--- Problem requirements ---
Leave the pictures out. Return all other data exactly.

--- Provided material ---
Content starts

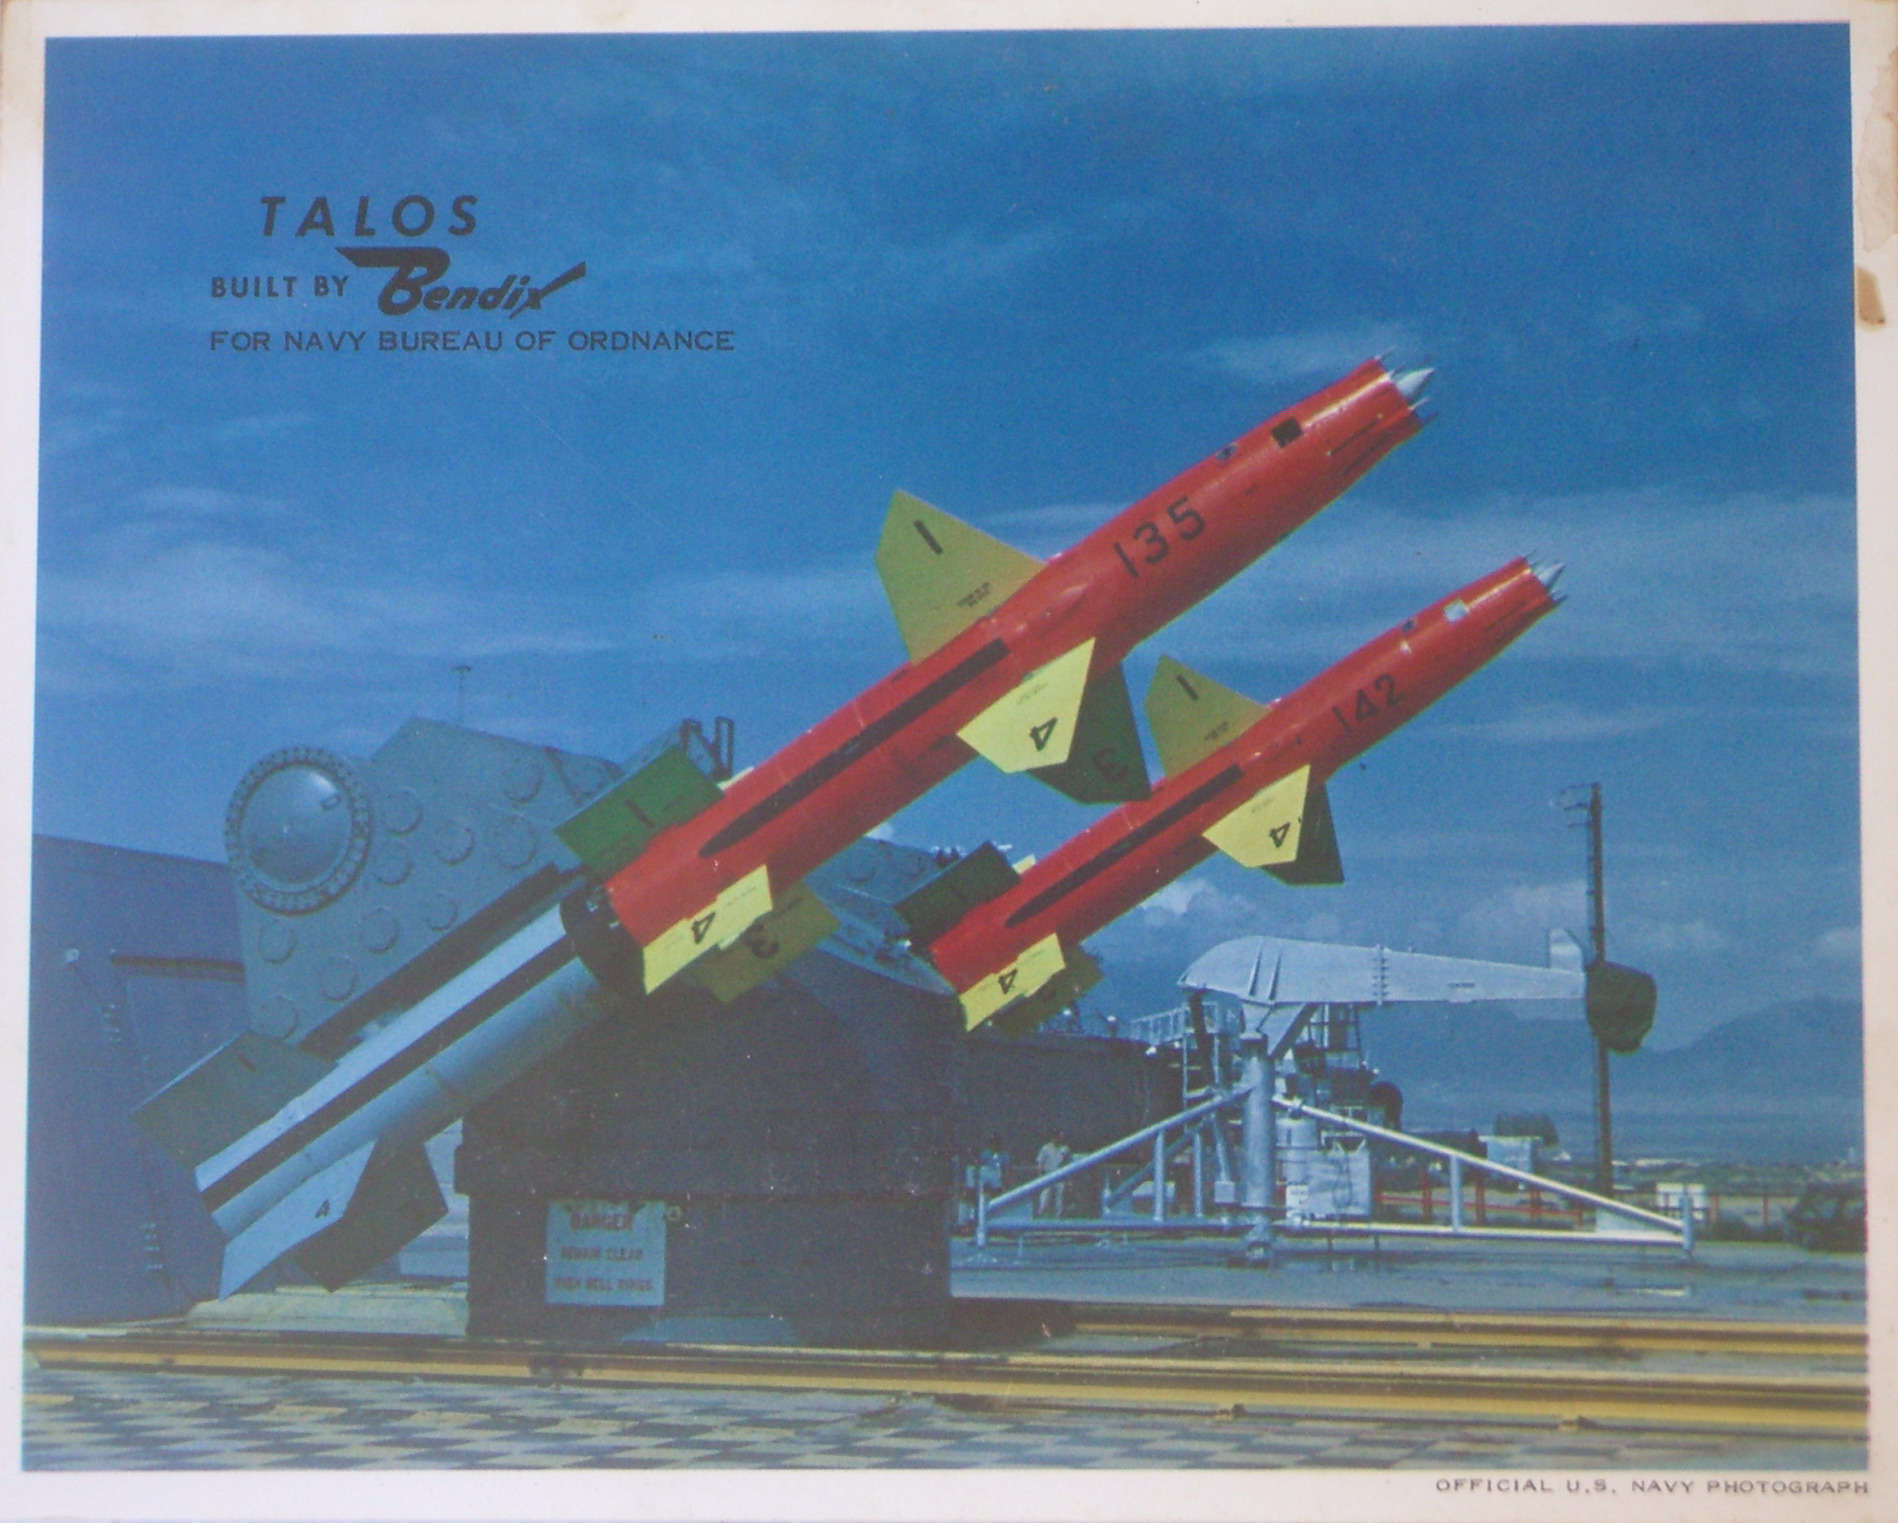 RIM-8 Talos surface to air missile built by Bendix Corporation in test launcher at White Sands Missile Range New Mexico
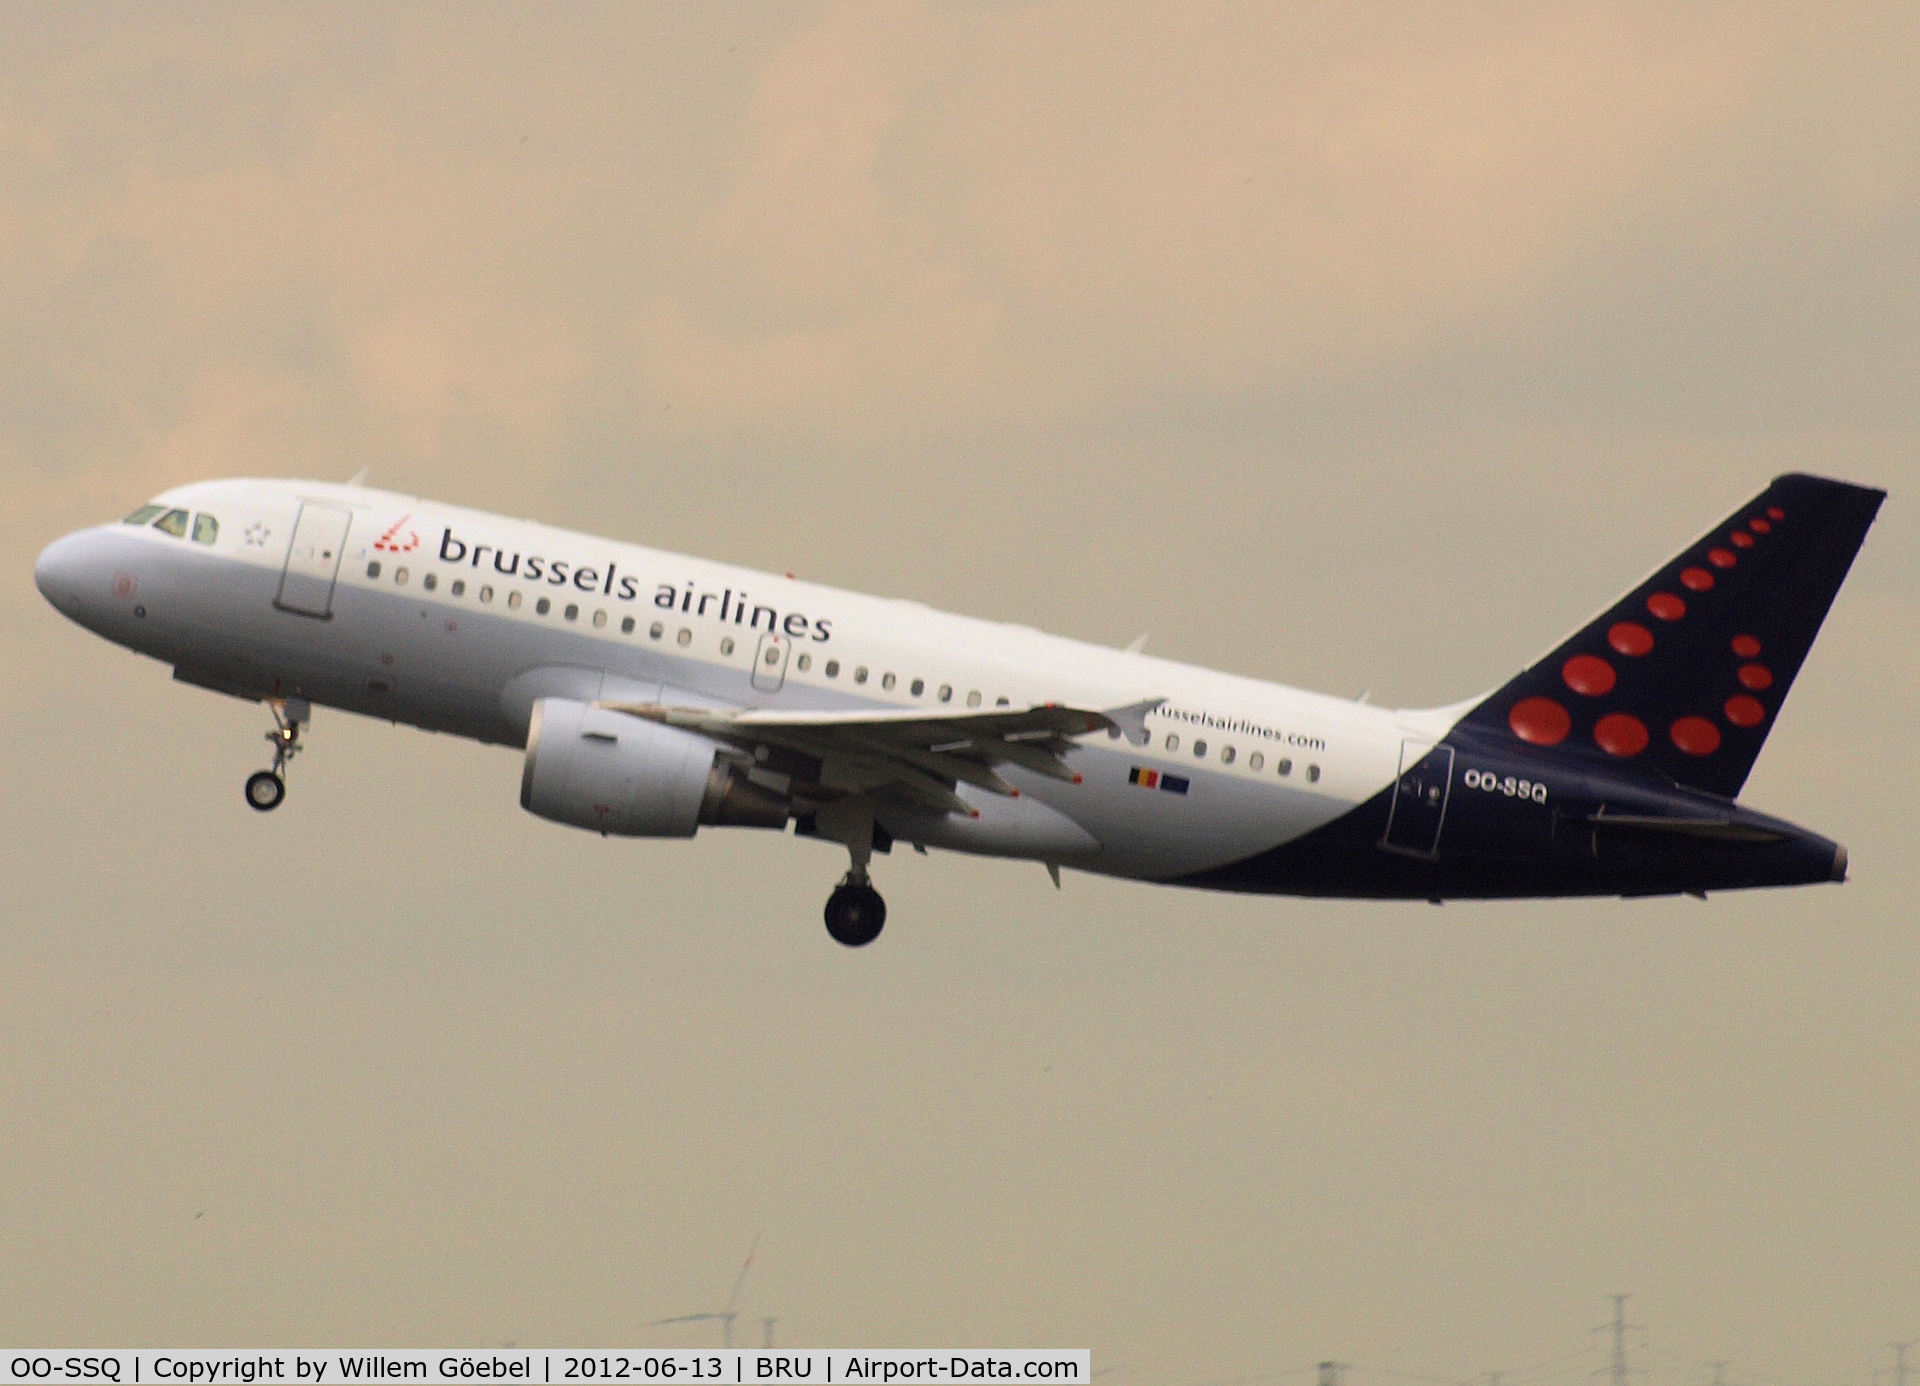 OO-SSQ, 2009 Airbus A319-112 C/N 3790, Take off from Brussel Airport
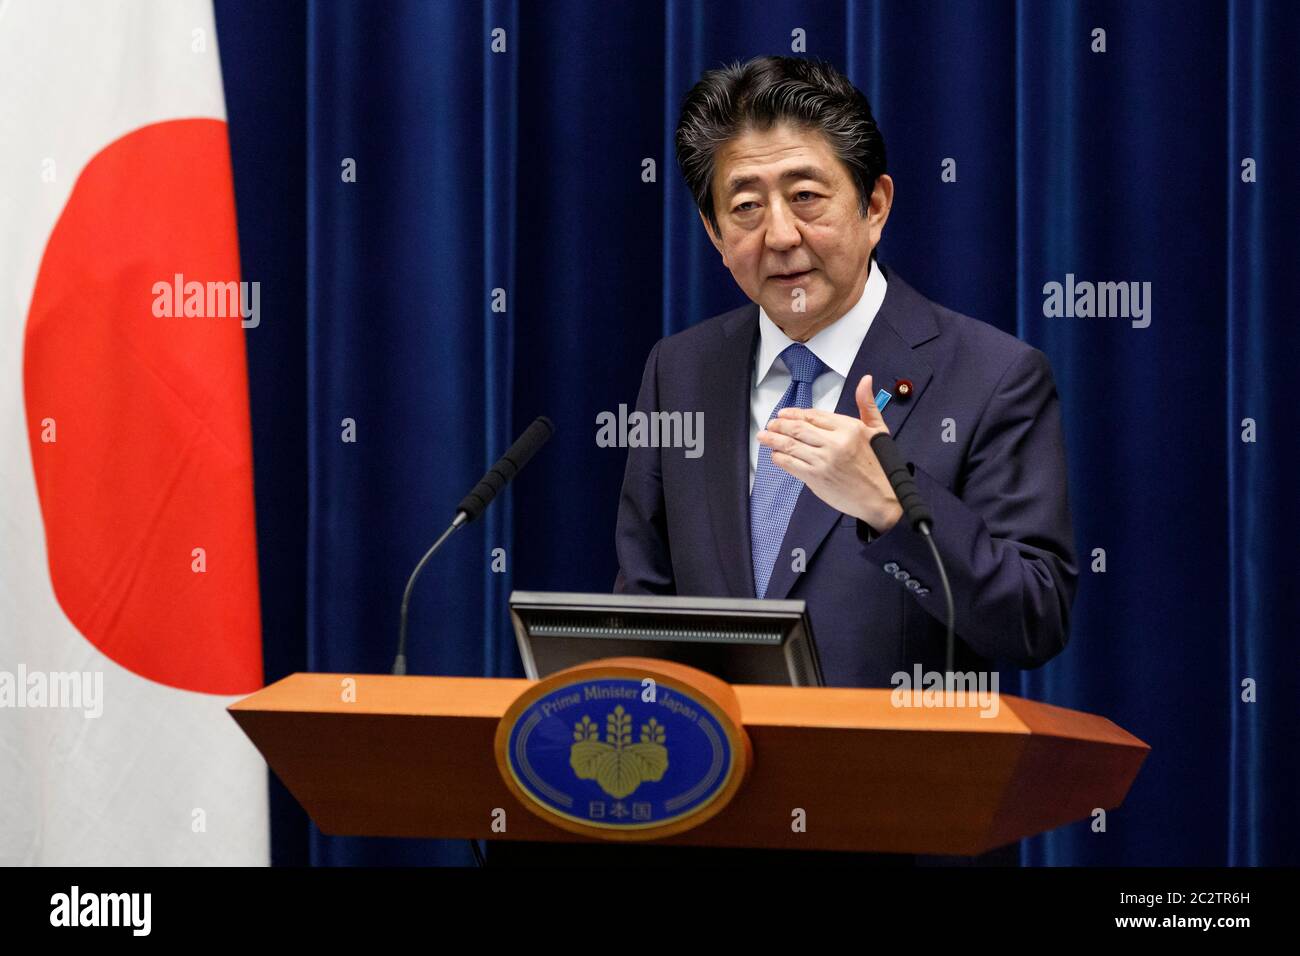 Tokyo, Japan. 18th June, 2020. Japan's Prime Minister Shinzo Abe speaks during a press conference at the prime minister's official residence. Credit: Rodrigo Reyes Marin/ZUMA Wire/Alamy Live News Stock Photo
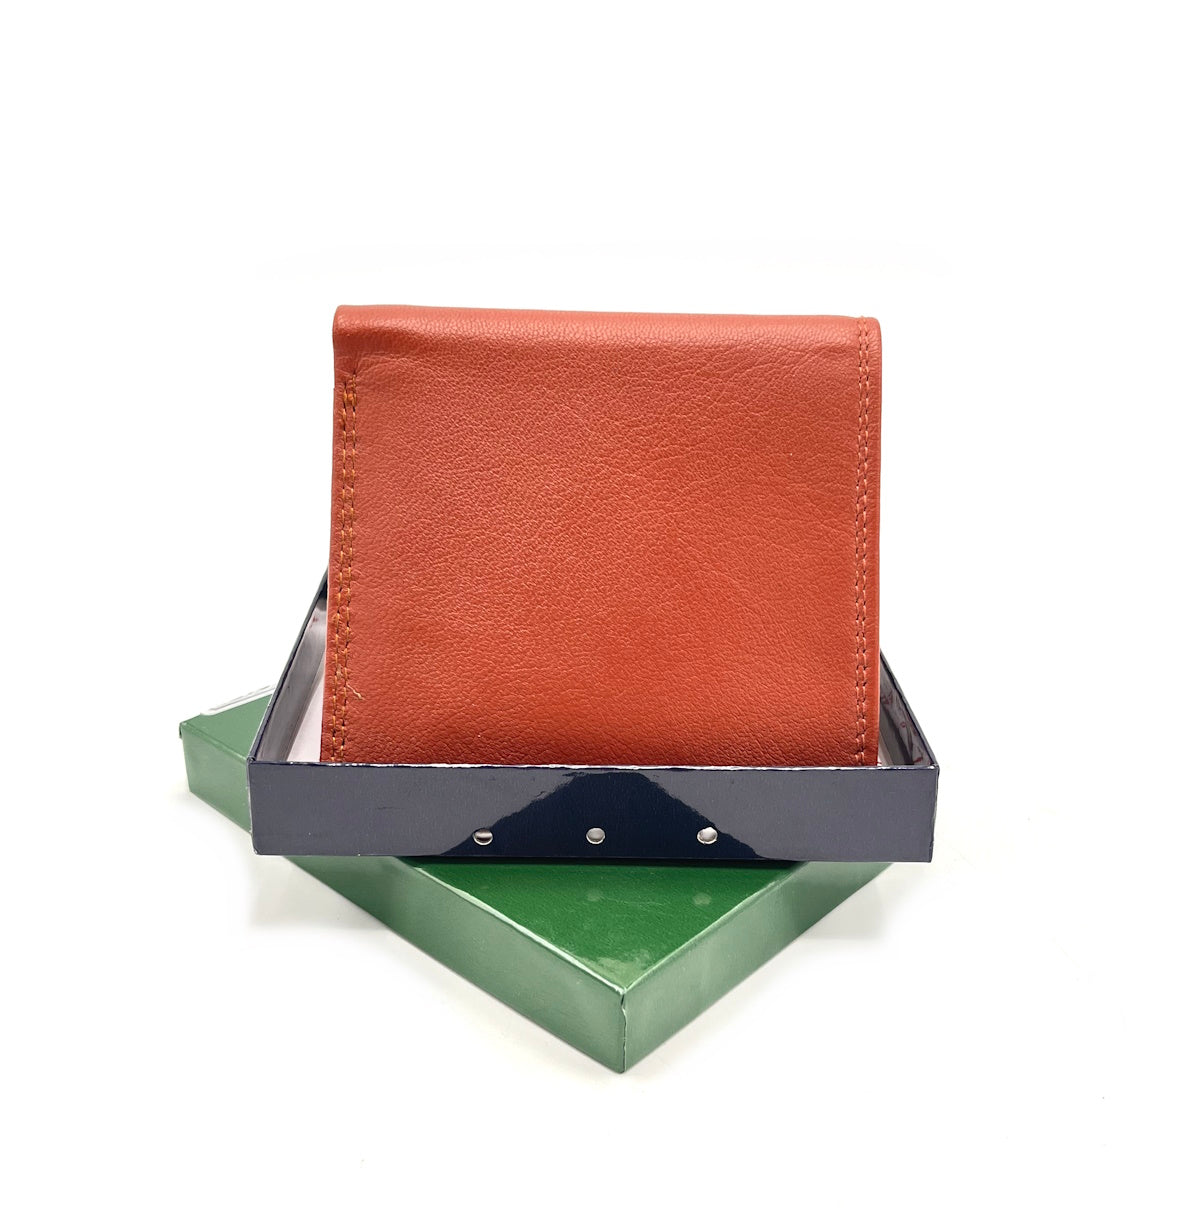 Small genuine leather wallet, for women, art. 2175.422

Content ends

--- Problem solution ---
 RIM-8 Talos surface to air missile built by Bendix Corporation in test launcher at White Sands Missile Range New Mexico
 OO-SSQ, 2009 Airbus A319-112 C/N 3790, Take off from Brussel Airport
 Tokyo, Japan. 18th June, 2020. Japan's Prime Minister Shinzo Abe speaks during a press conference at the prime minister's official residence. Credit: Rodrigo Reyes Marin/ZUMA Wire/Alamy Live News Stock Photo
 Small genuine leather wallet, for women, art. 2175.422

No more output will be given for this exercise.